▶ Instructions to follow
The expected result is the full listing, retyped exactly, without a single picture.

───── Available data

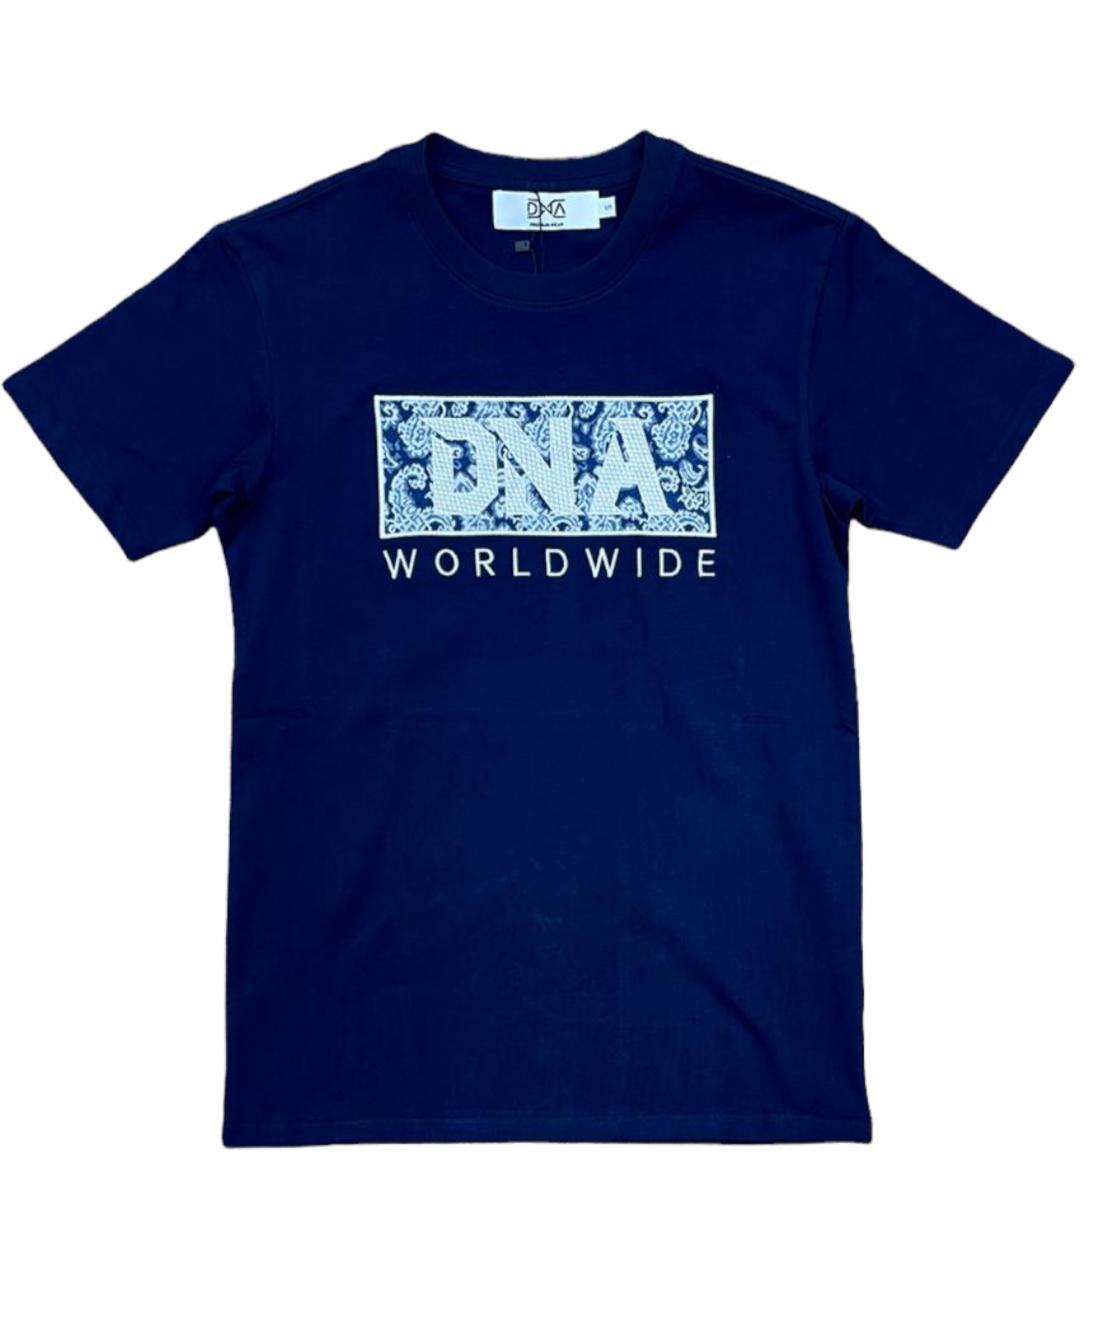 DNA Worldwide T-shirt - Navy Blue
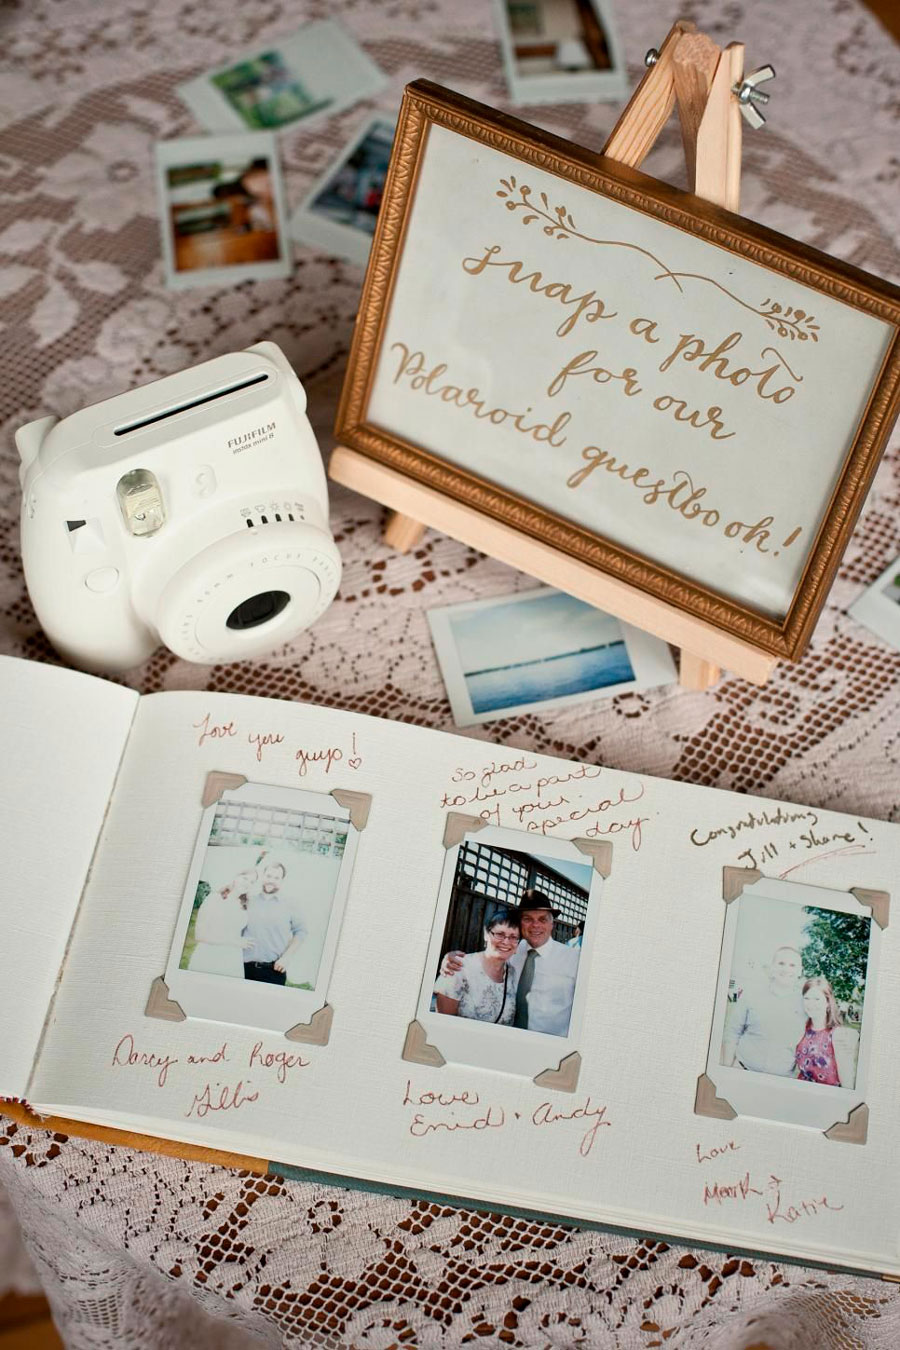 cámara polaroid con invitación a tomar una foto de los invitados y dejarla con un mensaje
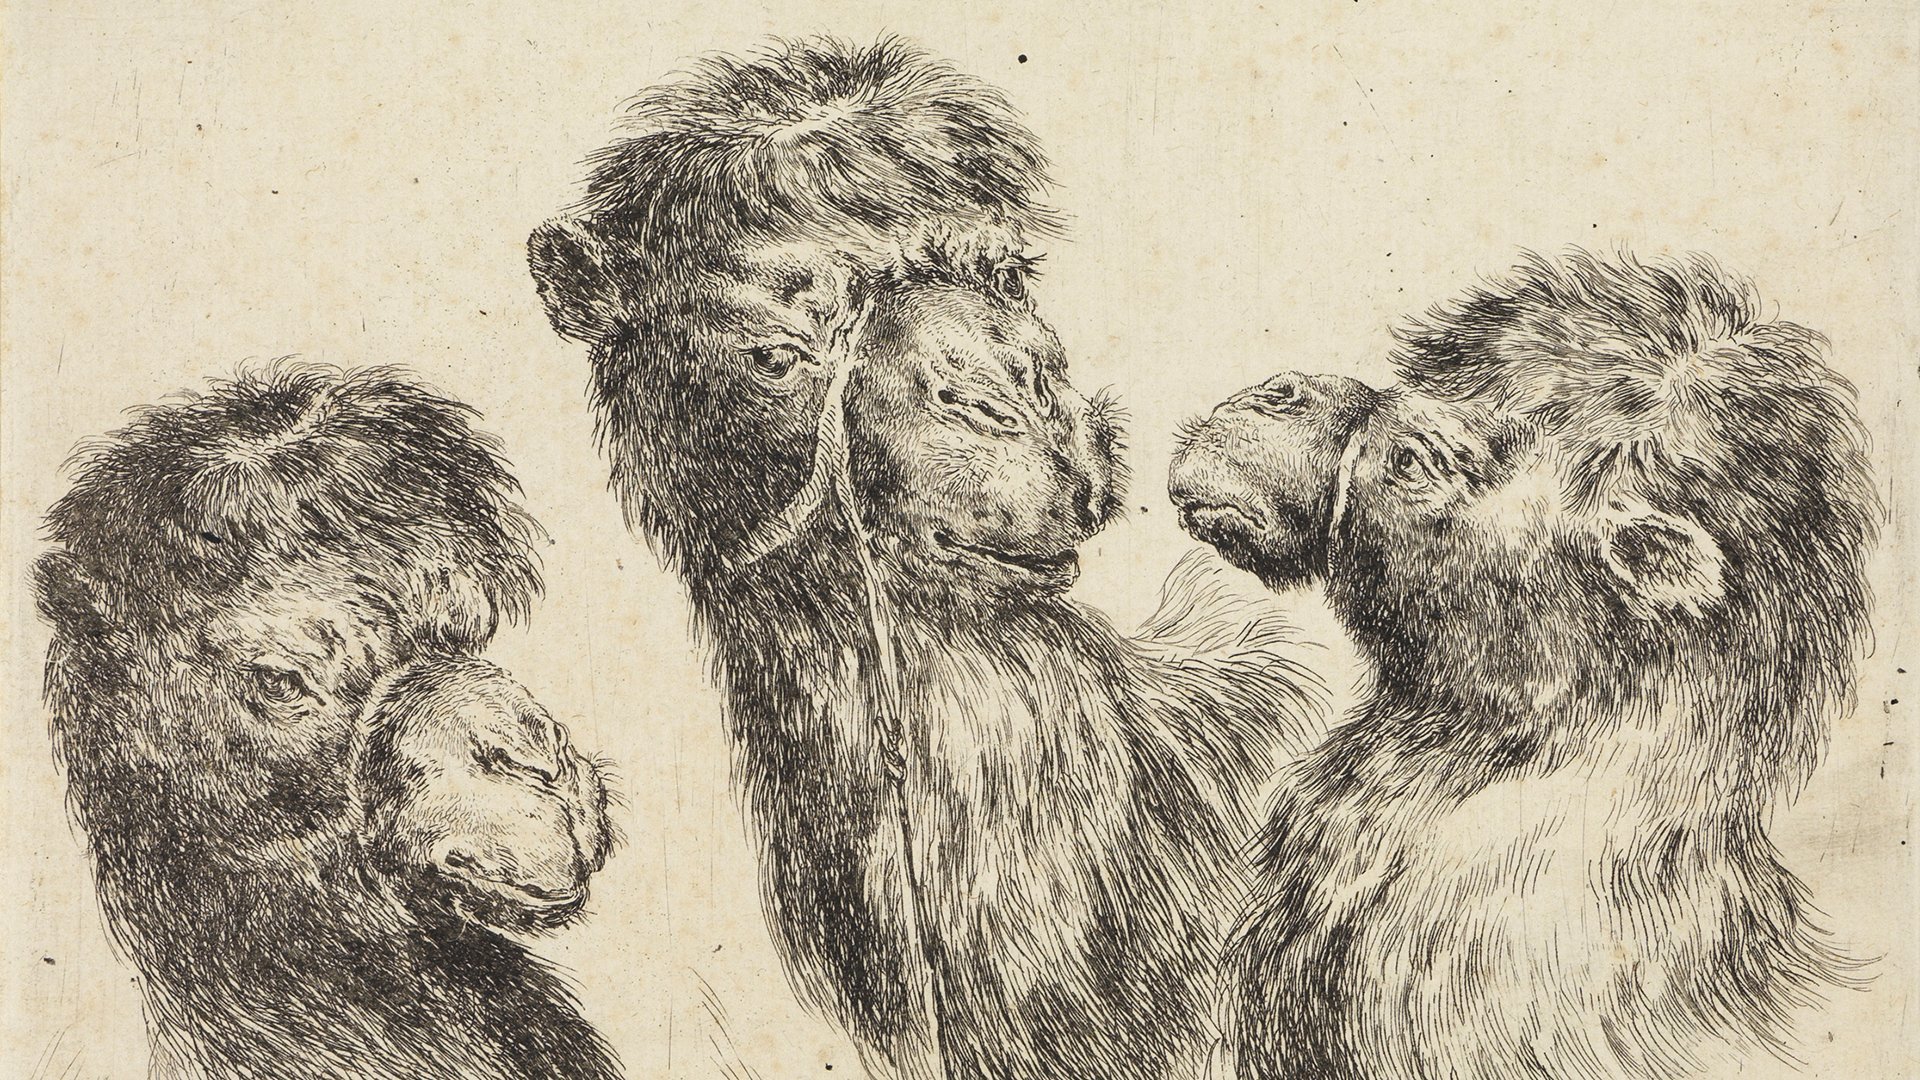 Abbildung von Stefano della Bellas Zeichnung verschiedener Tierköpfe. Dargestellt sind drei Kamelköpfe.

──────────

▶ Written response
 DNA Worldwide T-shirt - Navy Blue
 cámara polaroid con invitación a tomar una foto de los invitados y dejarla con un mensaje
 Abbildung von Stefano della Bellas Zeichnung verschiedener Tierköpfe. Dargestellt sind drei Kamelköpfe.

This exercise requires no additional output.